**What the exercise asks:** When you reach the line containing "Лоток водоотводный бетонный" in the data below, begin returning lines exactly as written, and stop once the line containing "GP Staunchie Reader Awards Part 2" has been returned.

**Raw data:**
★ ★ ★ ★ ★ ★ ★

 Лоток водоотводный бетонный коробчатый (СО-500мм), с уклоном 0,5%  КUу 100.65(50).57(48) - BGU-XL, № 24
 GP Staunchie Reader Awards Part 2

★ ★ ★ ★ ★ ★ ★

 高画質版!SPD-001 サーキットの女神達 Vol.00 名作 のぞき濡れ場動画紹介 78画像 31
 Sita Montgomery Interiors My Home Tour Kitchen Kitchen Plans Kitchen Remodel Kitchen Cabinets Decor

★ ★ ★ ★ ★ ★ ★

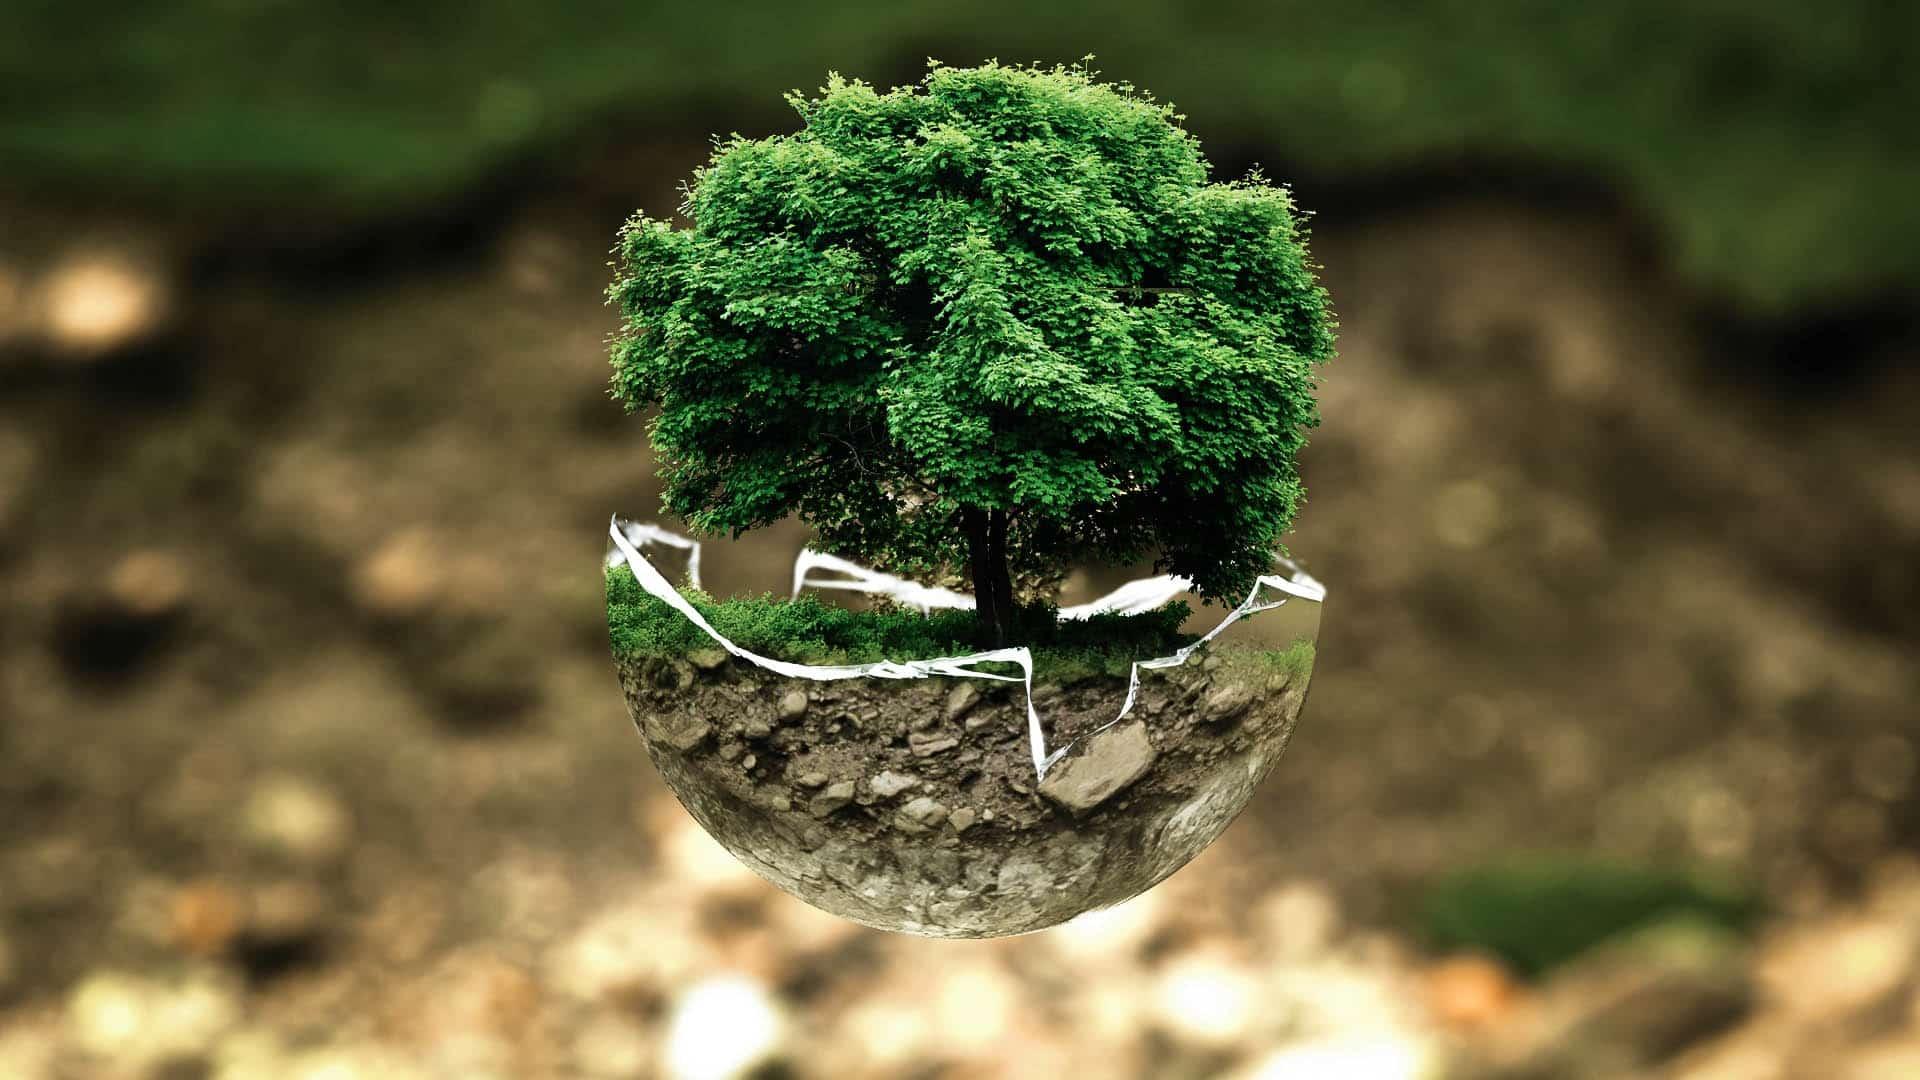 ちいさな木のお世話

★ ★ ★ ★ ★ ★ ★

**Exercise solution:**
 Лоток водоотводный бетонный коробчатый (СО-500мм), с уклоном 0,5%  КUу 100.65(50).57(48) - BGU-XL, № 24
 GP Staunchie Reader Awards Part 2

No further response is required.